Book Synopsis In Spite of Everything by : Susan Gregory Thomas

Download or read book In Spite of Everything written by Susan Gregory Thomas and published by Random House. This book was released on 2011-07-12 with total page 242 pages. Available in PDF, EPUB and Kindle. Book excerpt: “For most of my generation—Generation X—there is only one question: ‘When did your parents split?’ Our lives have been framed by the answer. Ask us. We remember everything.” In this powerful, poignant, and often laugh-out-loud-funny memoir, Susan Gregory Thomas reflects on that life-defining question and its answer through a lens imprinted by memory and sharpened by time. Raised in Berkeley, Thomas grew up in a seemingly stable household. But when the family moved east when she was twelve, her father, a charming alcoholic, ran off with his secretary, and her mother collapsed. Thomas and her younger brother joined the ubiquitous flocks of 1980s latchkey kids: collateral damage in their parents’ wars, sustaining private injuries they would try to self-treat throughout adolescence and adulthood. When Thomas became a wife and mother in her early thirties, she made a fierce promise: She would never let her own children know the scorched earth of divorce. It was a vow shared by many of her peers, who, in reaction to the divorces of the 1970s and ’80s, sought out marriages based on deeper friendships and more genuine partnerships than those of previous generations.
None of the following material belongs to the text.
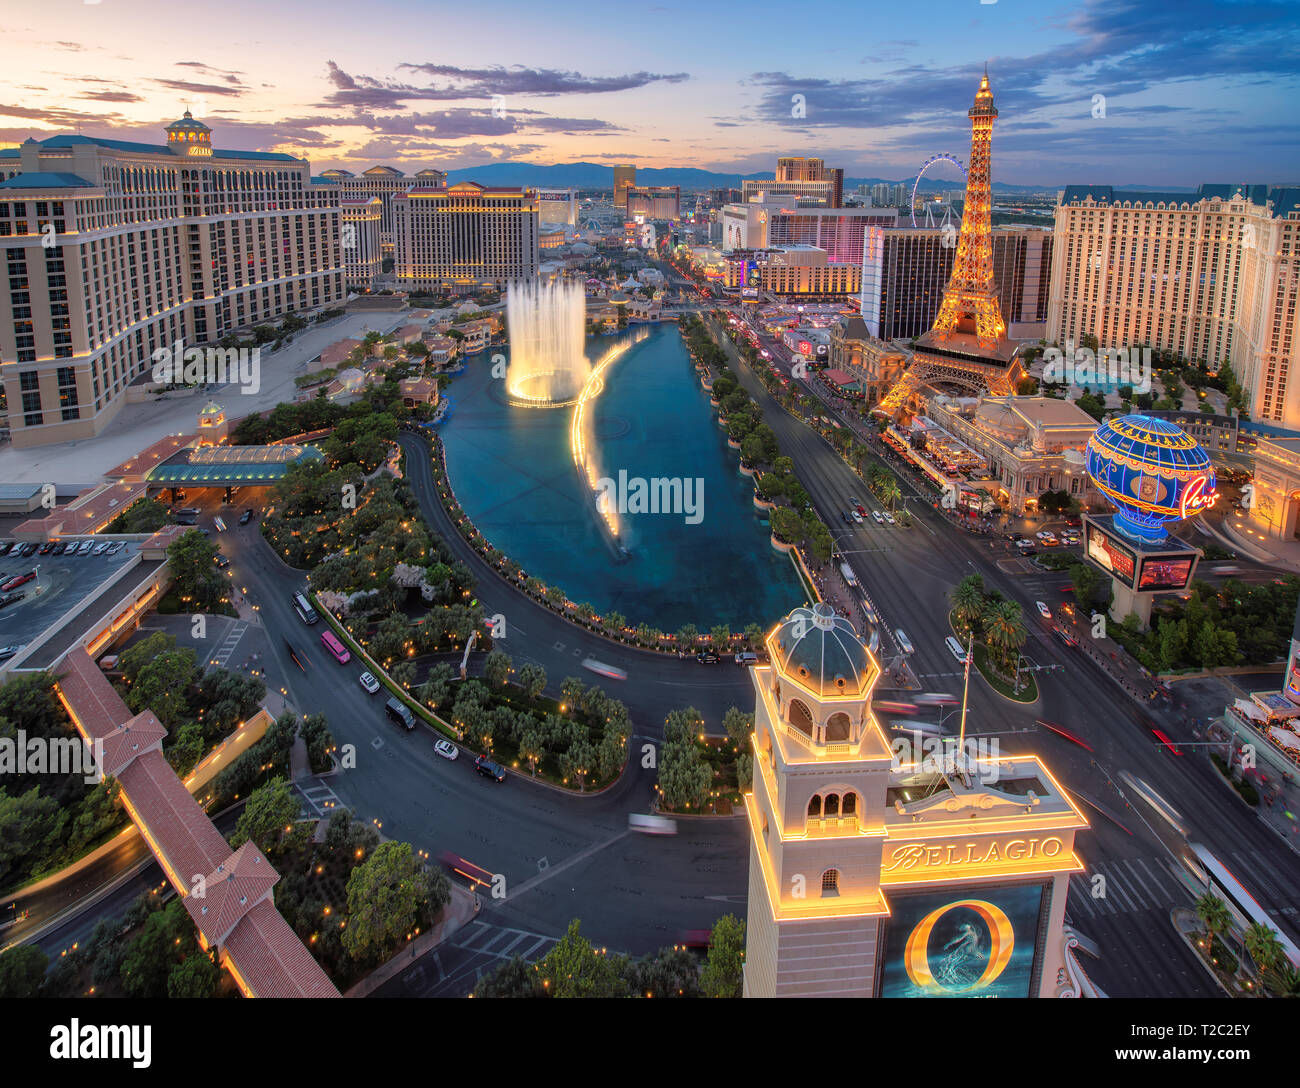 Panoramic view of World famous Las Vegas Strip at sunset Stock Photo

So Thomas was stunned when, after sixteen years with the man she considered her best friend, she found her marriage coming to an end. Not only did the divorce reopen all the old wounds, but she would now have to contend with the aftershocks affecting her two young daughters. In Spite of Everything is an astounding, bright, and brilliantly told account of a mother’s fight to protect her children’s world and to make sense of her own troubled past—and the culture of divorce in which she and Generation X were raised. Interwoven with original, hilarious insights on divorce and parenthood, Thomas’s eye-opening, gut-wrenching, ultimately optimistic story holds a mirror up to a whole generation.